Will Trump’s UN team be bested by EU in this week’s humanitarian resolution debate?
U.S. delegation concerns over abortion in an annual UN humanitarian resolution of the Economic and Social Council prompted negotiations to be reopened this week to prevent the advancement of an international right to abortion in humanitarian law.
Late Friday the U.S. delegation broke silence on the draft, and the facilitators sent a message to all delegations that negotiations would resume this week.
One delegate told the Friday there was a sense that “anything could happen” give the position of the U.S. delegation, suggesting the resolution might even come down to a vote on these controversial issues.
Delegates were hoping for an end to the negotiations last week, but the Swiss and Zimbabwean facilitators of the draft resolution did not heed requests of the U.S. and other delegations to remove references to “sexual and reproductive health” and a UN agency partnership with abortion giant International Planned Parenthood Federation to promote abortion in humanitarian settings called “minimum initial service package for sexual and reproductive health in emergencies”, also known as MISP.
Also included in the draft was a reference to “sexual and reproductive health-care services” – a dangerous concoction proposed for the first time two years ago as a clean compromise. Any variation of the term “sexual and reproductive health” includes abortion as it was defined in the International Conference on Population and Development (ICPD) in 1994. The convention included important caveats to restrict abortion which is why when the term is included in any intergovernmental agreement it must always include the ICPD reference though European countries fight vociferously against it.
Many pro-life countries have told the Friday Fax they will support the U.S. amending the text should the facilitators not heed the calls for MISP to be deleted and the ICPD qualifier to be added.

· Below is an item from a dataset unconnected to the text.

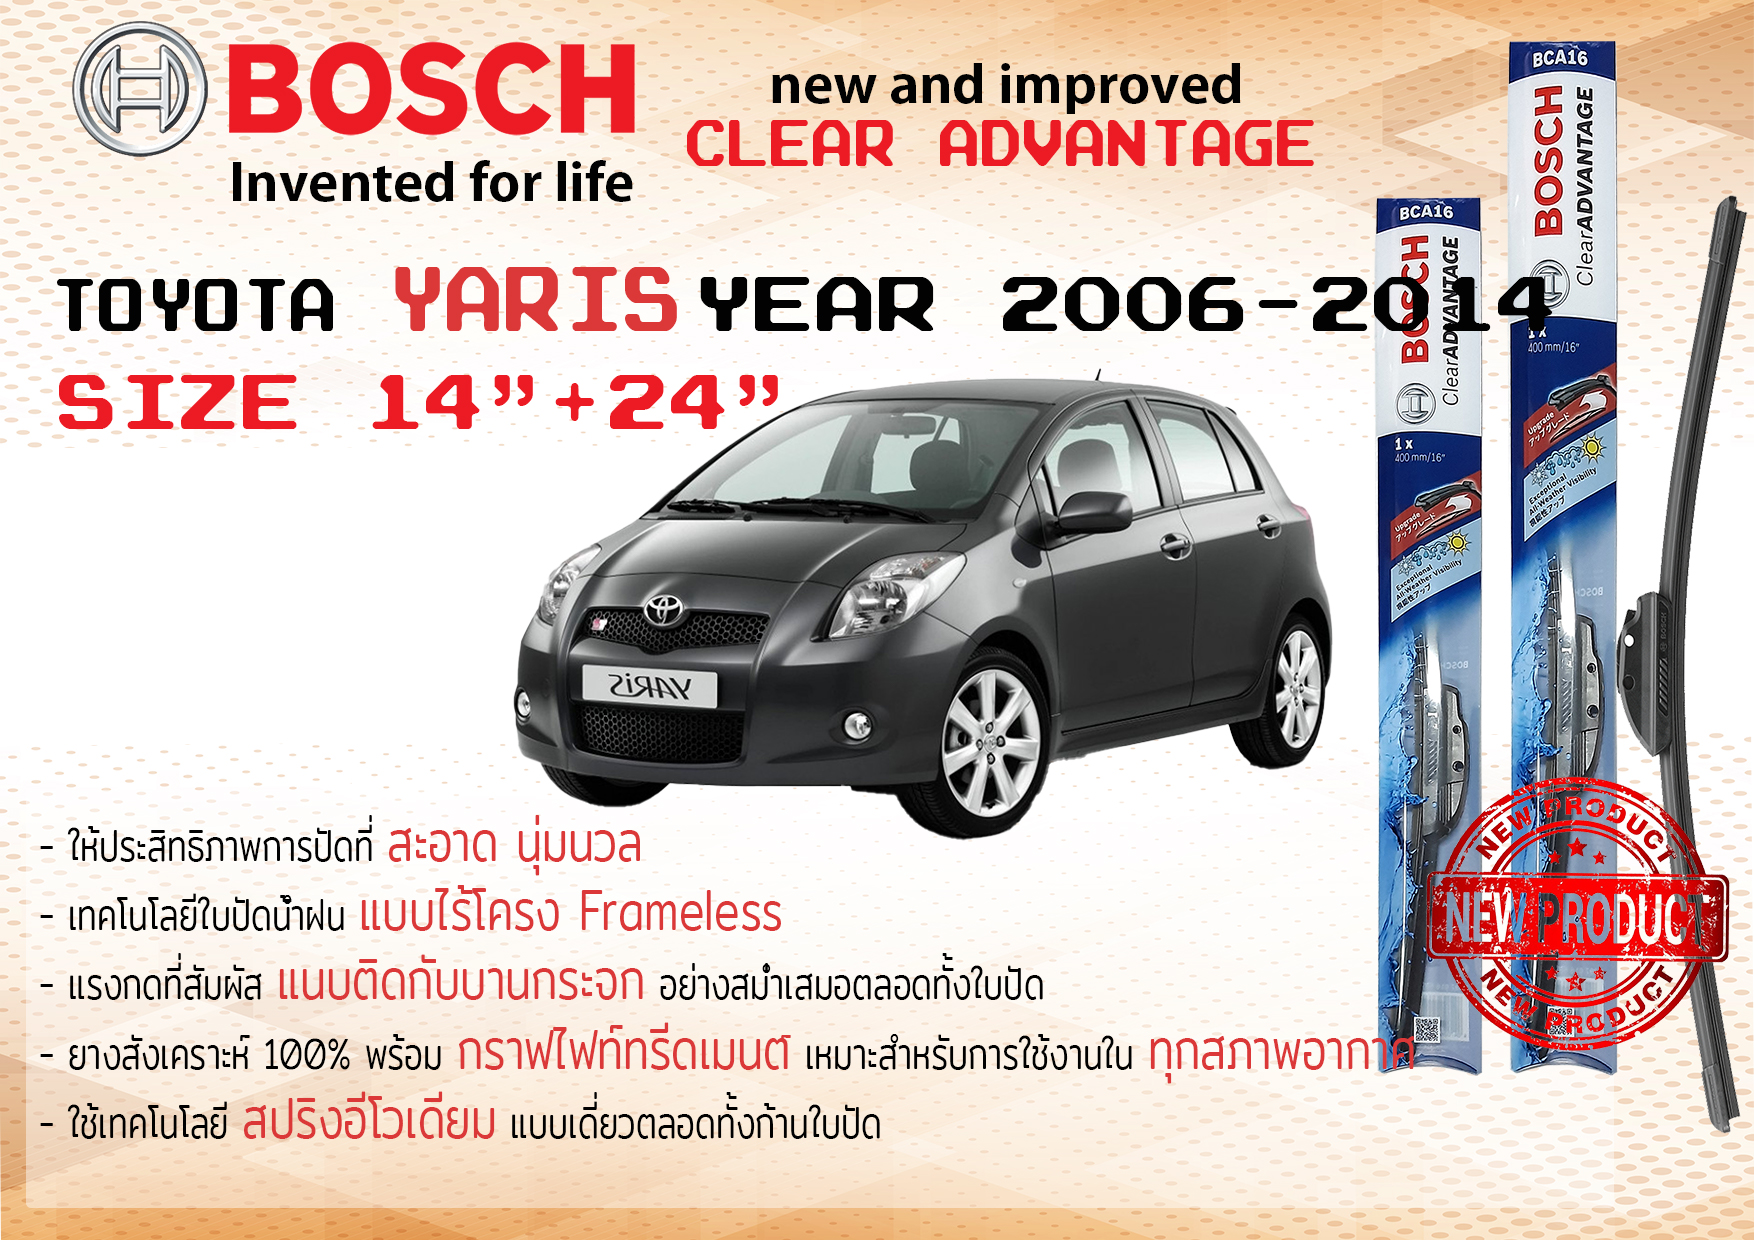 ใบปัดน้ำฝน คู่หน้า Bosch Clear Advantage frameless ก้านอ่อน ขนาด 14”+24” สำหรับรถ Toyota YARIS ปี 2006-2013 ปี 06,07,08,09,10,11,12,13 โตโยต้า โตโยตา ยาริส ยาริซ ทนแสง UV

If the U.S. were to force a vote on “sexual and reproductive health” it would be the first time ever that a delegation called a vote on this language on the floor of a UN meeting. The only votes that have ever taken place so far have been informal and behind closed doors.
A vote would cement the Trump administration’s pro-life position. It would show the administration’s opposition to this terminology and its use by the UN system to promote access to abortion is more than just political. It would throw open the debate about whether UN policy should include abortion, a debate that was thought settled 25 years ago at Cairo Conference on Population and Development. And it would create the strongest evidence base for opposing the gradual development of a customary international right to abortion—something abortion groups have been trying to do for more than three decades by promoting this language in UN resolutions.
Under the Obama Administration it was reported that lawyers and diplomats at the U.S. State Department were working to advance U.S. funded abortion in humanitarian settings by re-interpreting the Helms amendment to only ban funding abortion as “family planning” even though it has been interpreted by both USAID and foreign governments as a complete ban on abortion funding. The new interpretation would allow for U.S. funding for abortion as a humanitarian need of rape victims and it would be interpreted as evidence that abortion in cases of rape is viewed as a humanitarian right.
The European Parliament and several European delegations have pushed this reinterpretation on U.S. diplomats, going as far as suggesting that the Helms amendment is a violation of humanitarian law. Even the otherwise pro-abortion Obama administration rebutted that suggestion during the last round of the U.S. in the Universal Periodic Review.
As the leaked emails from then Obama chief of staff John Podesta showed, the previous administration never took the final steps to reinterpret Helms because abortion advocates stopped him. Obama apparently was going to have to protect conscience rights of humanitarian operators and health workers in order to get major aid organizations onboard. Abortion groups were apparently willing to wait for a Hillary Clinton administration to get a better deal rather than concede rights of conscience in the short term.